═════ Data excerpt ═════

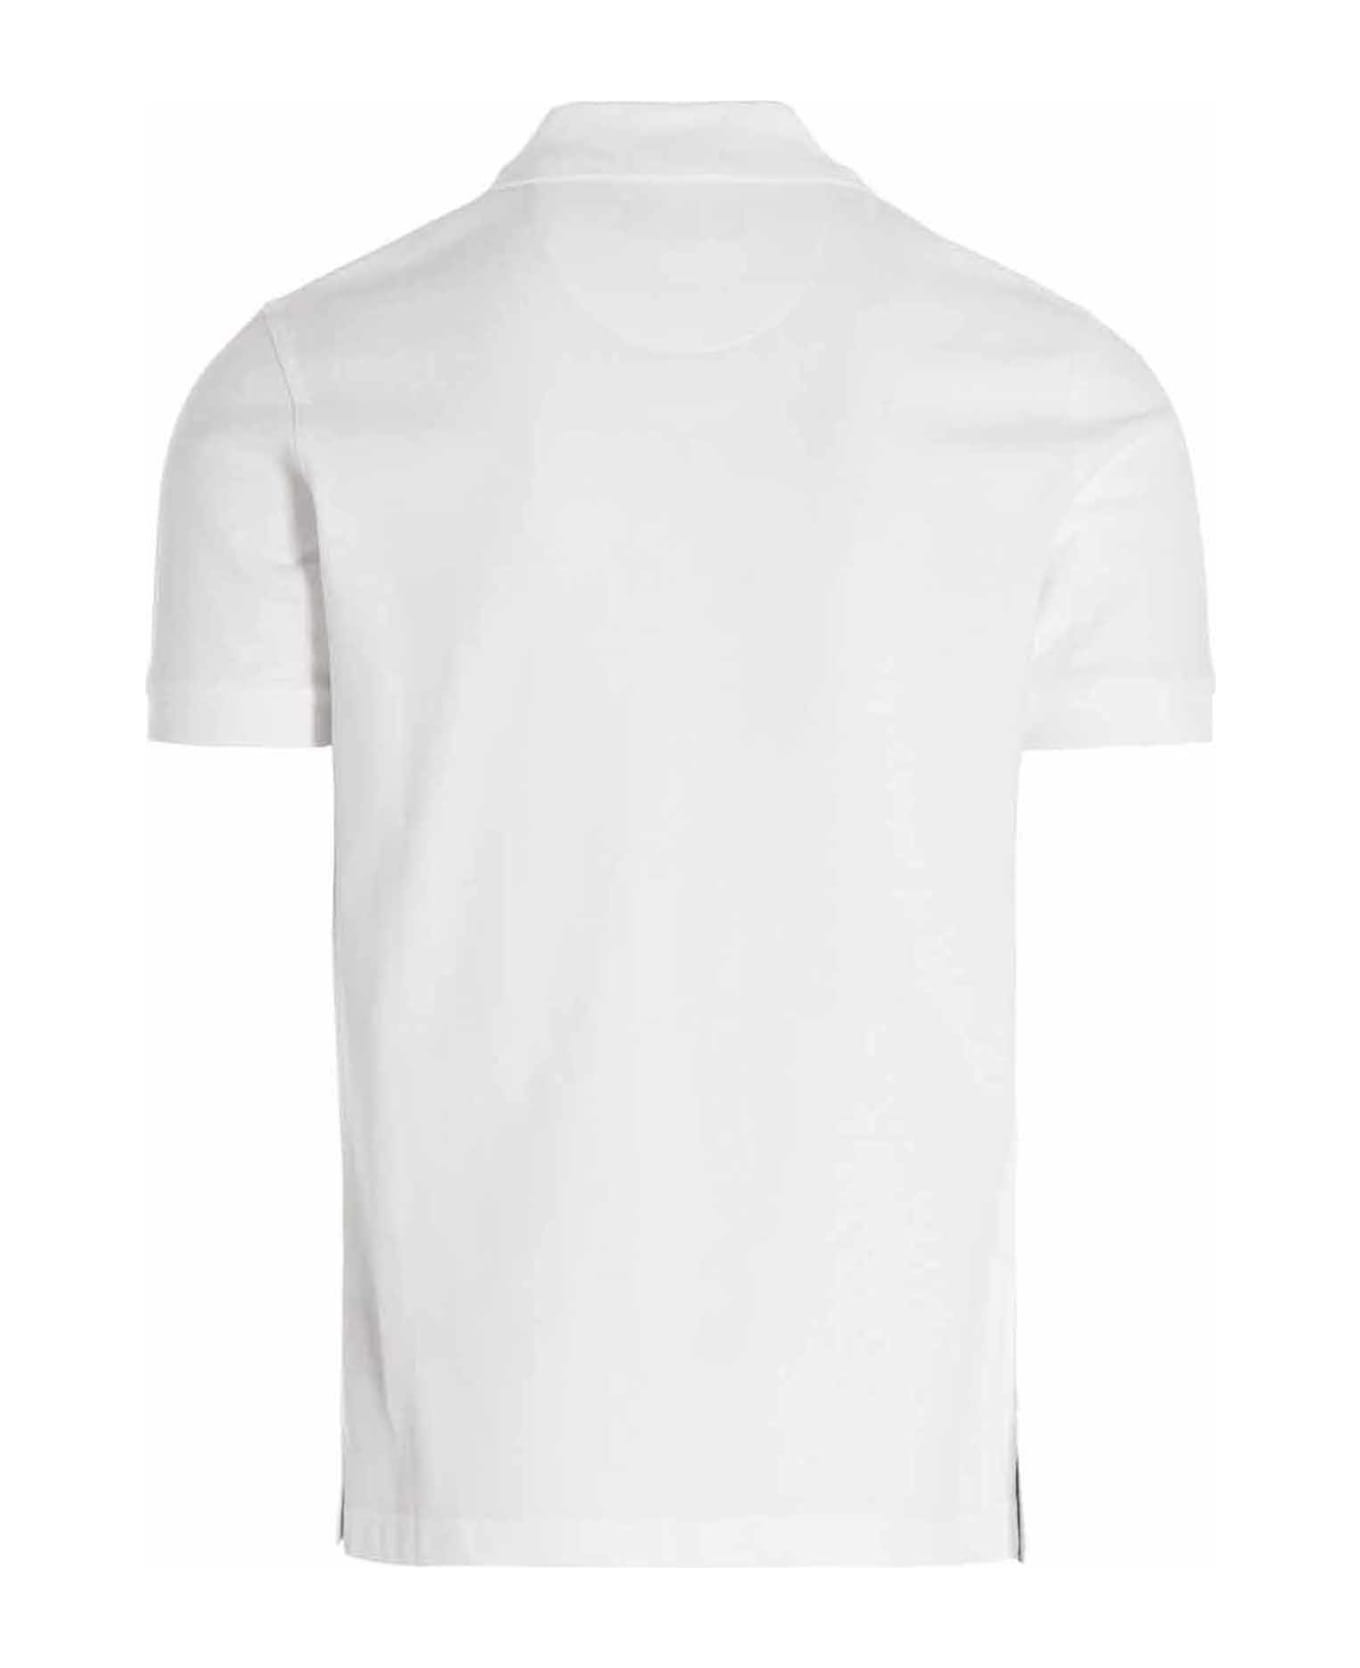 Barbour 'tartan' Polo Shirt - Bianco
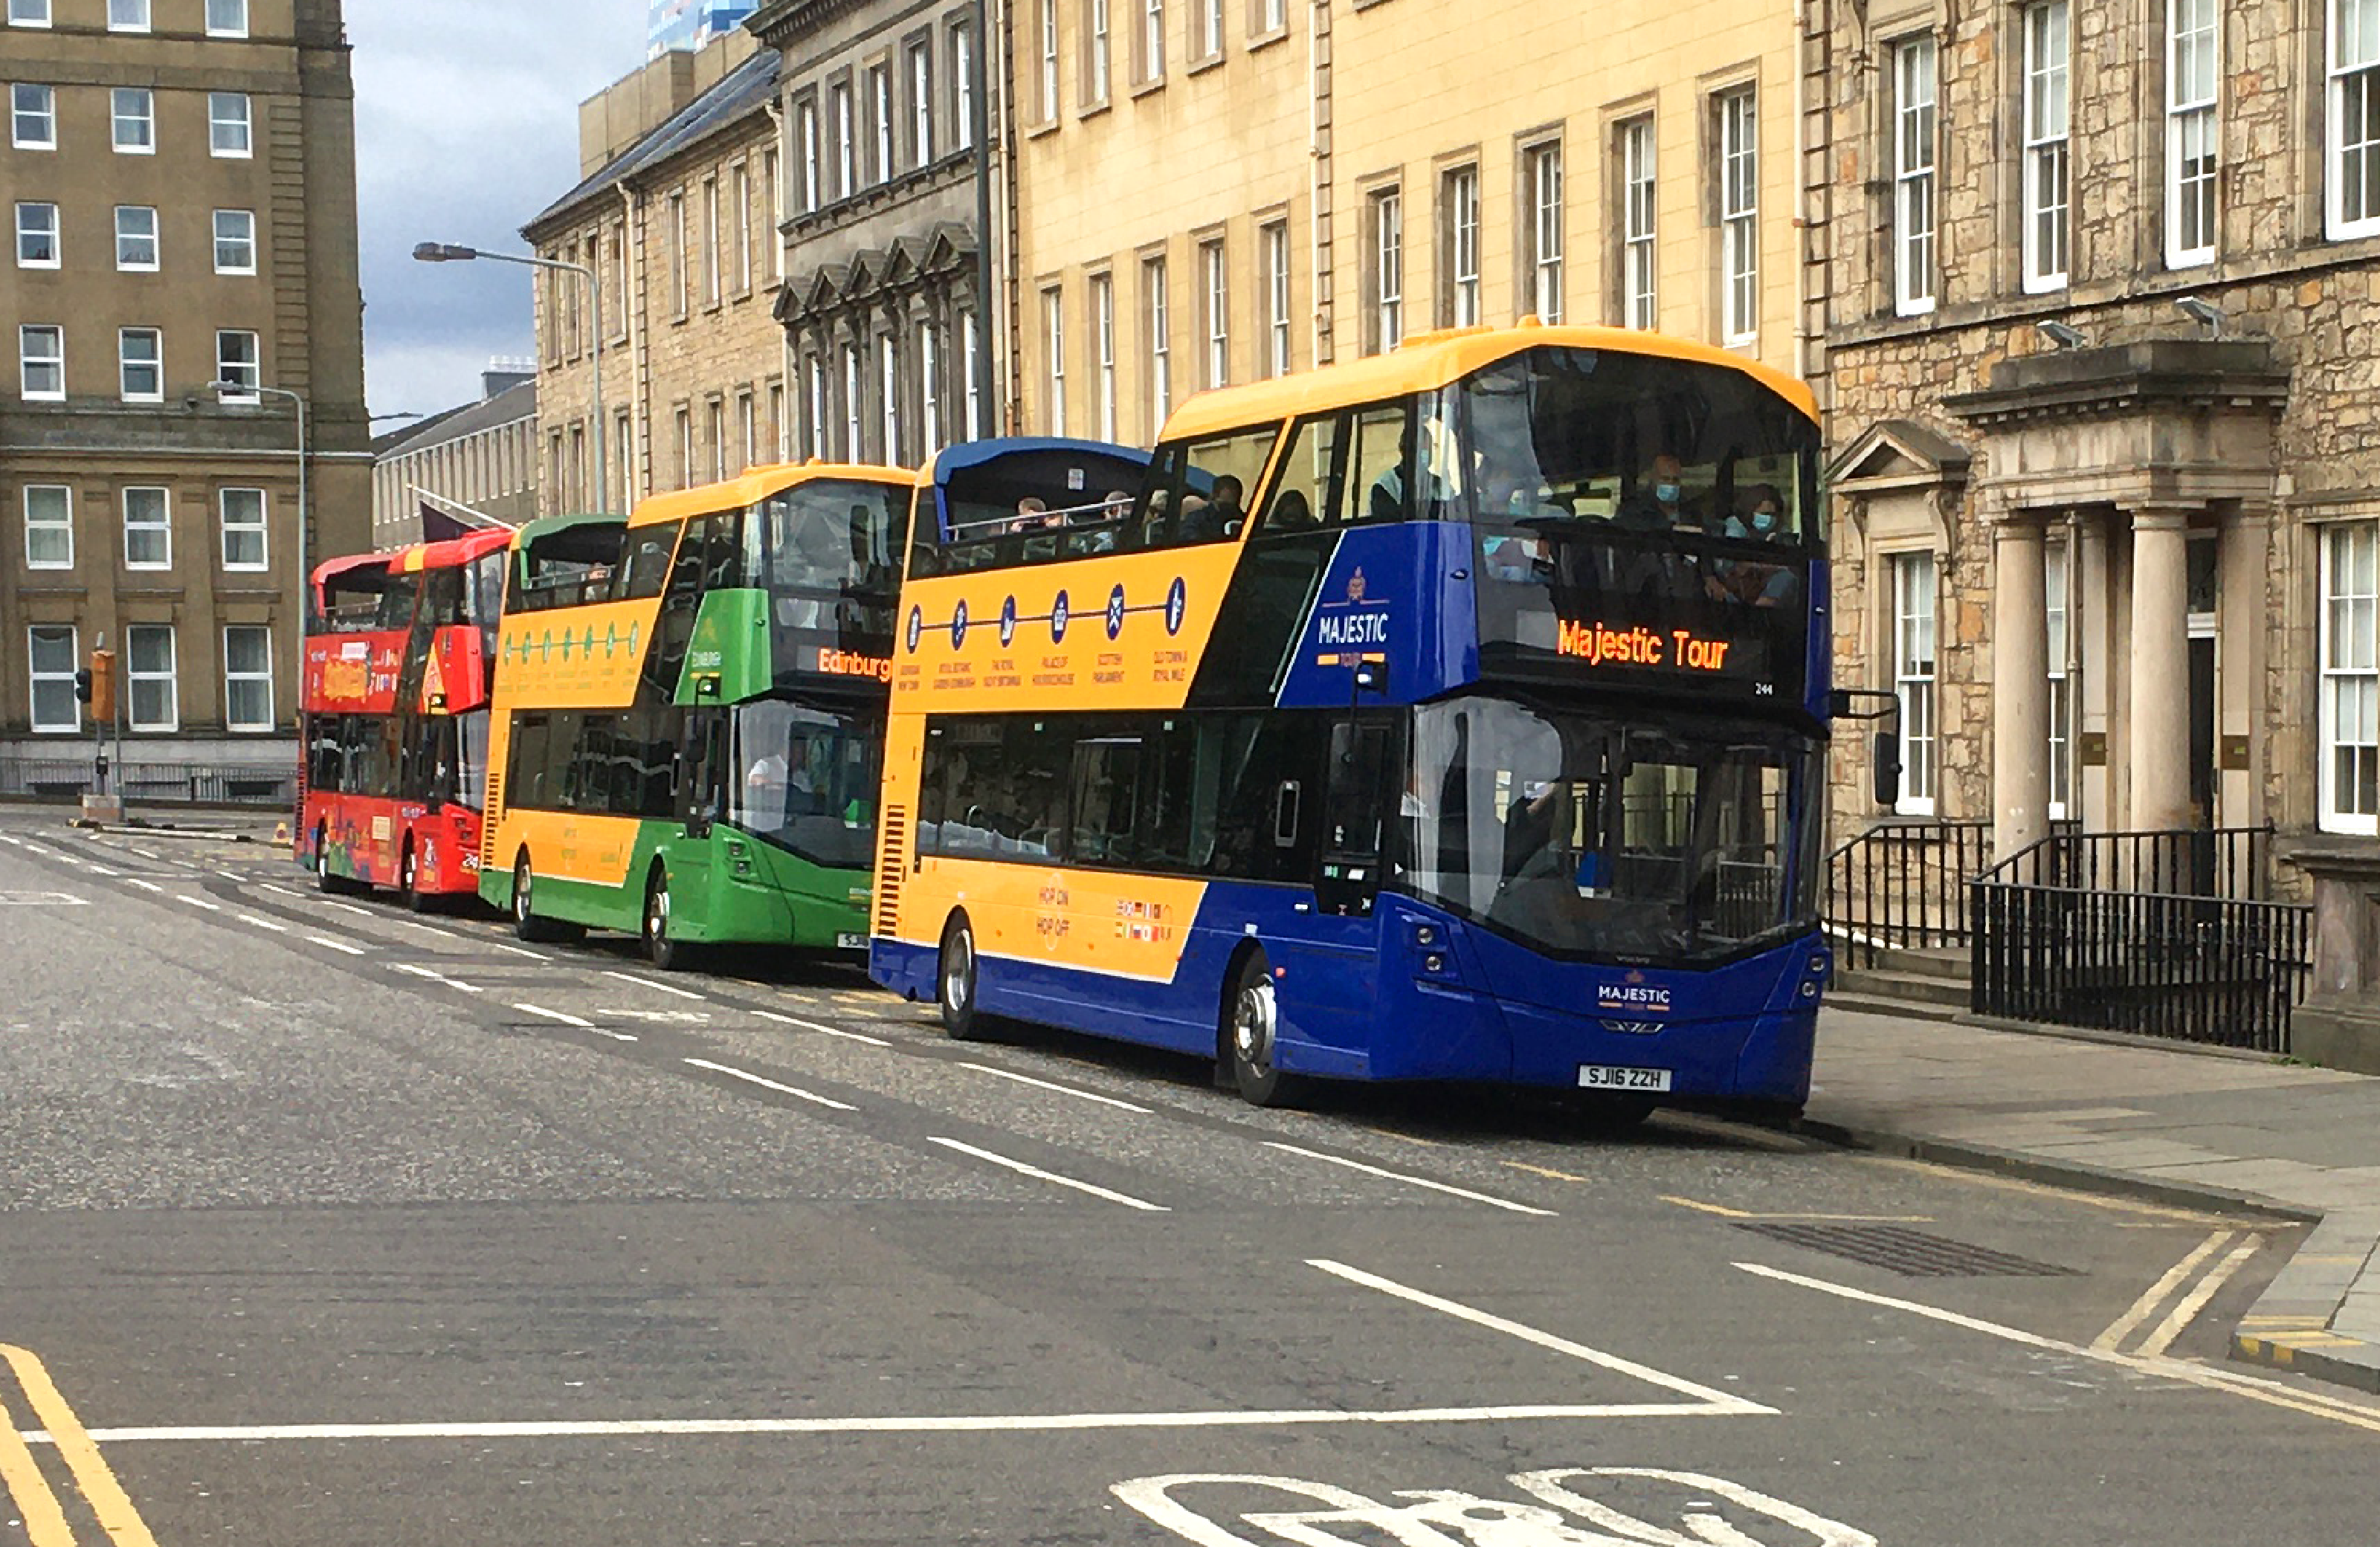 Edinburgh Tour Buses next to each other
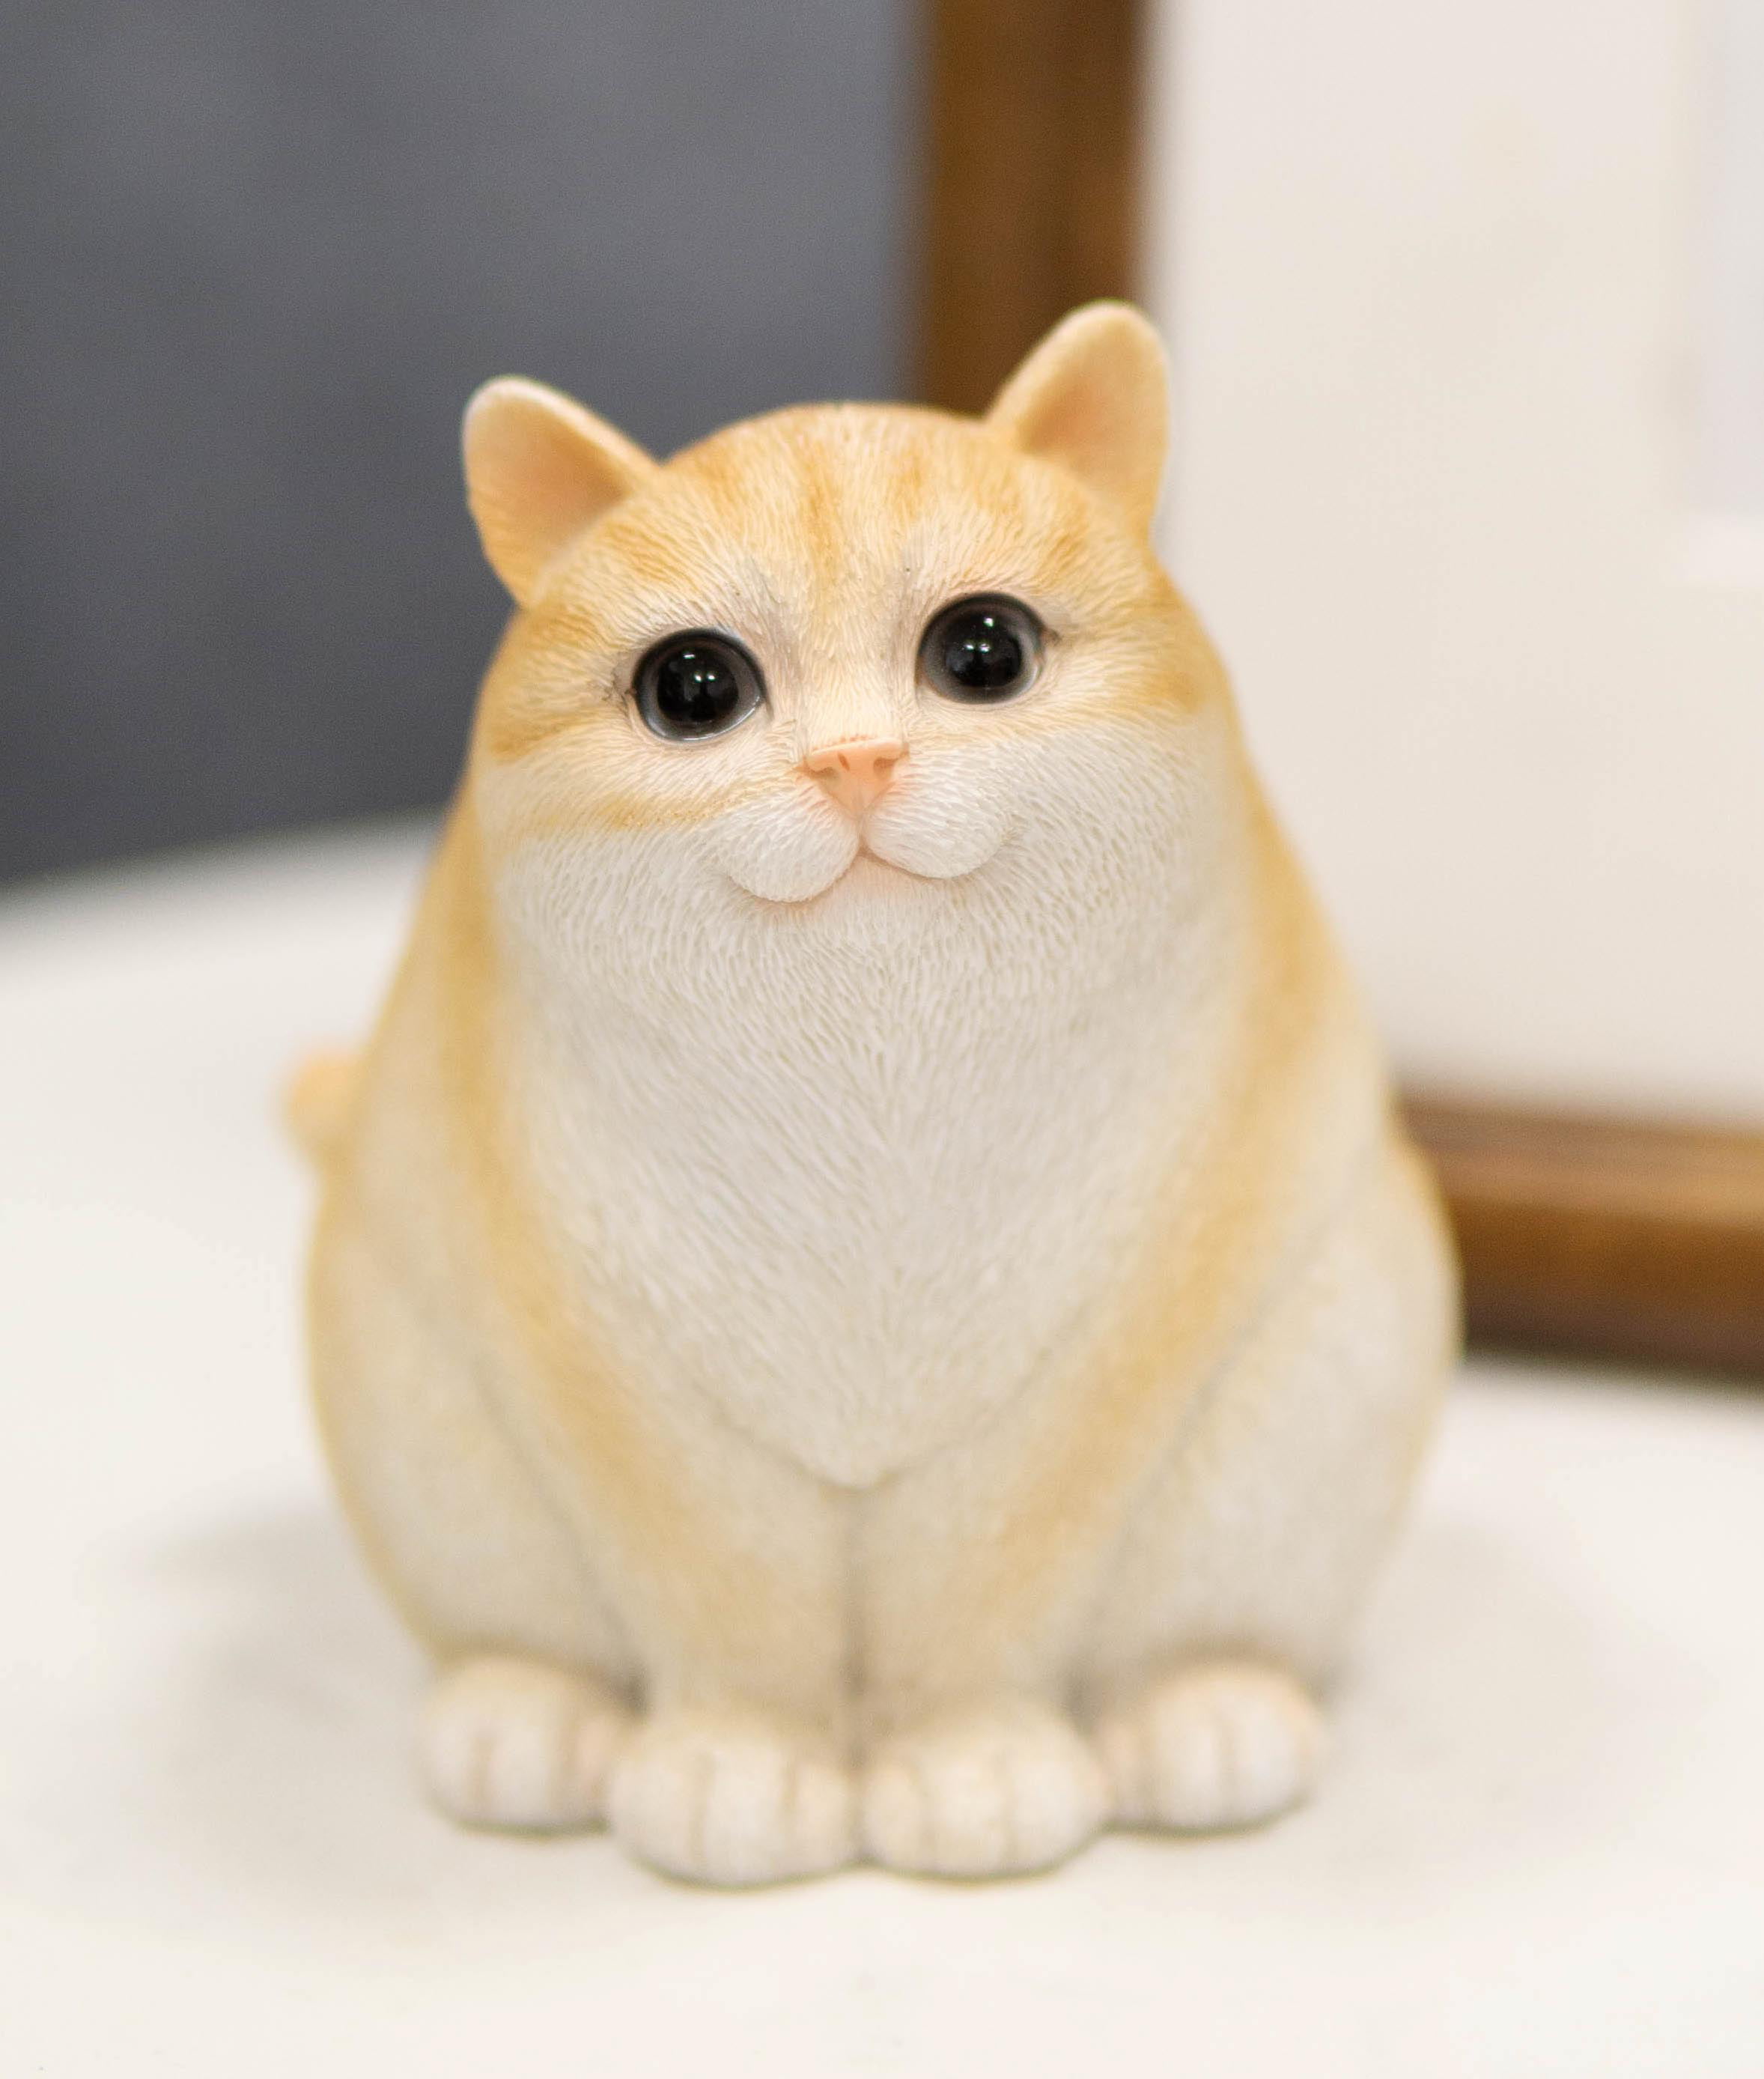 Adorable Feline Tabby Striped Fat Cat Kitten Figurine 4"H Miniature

═════

A verbatim retyping of the listing, without any pictures, is the expected answer.

 Barbour 'tartan' Polo Shirt - Bianco
 Edinburgh Tour Buses next to each other
 Adorable Feline Tabby Striped Fat Cat Kitten Figurine 4"H Miniature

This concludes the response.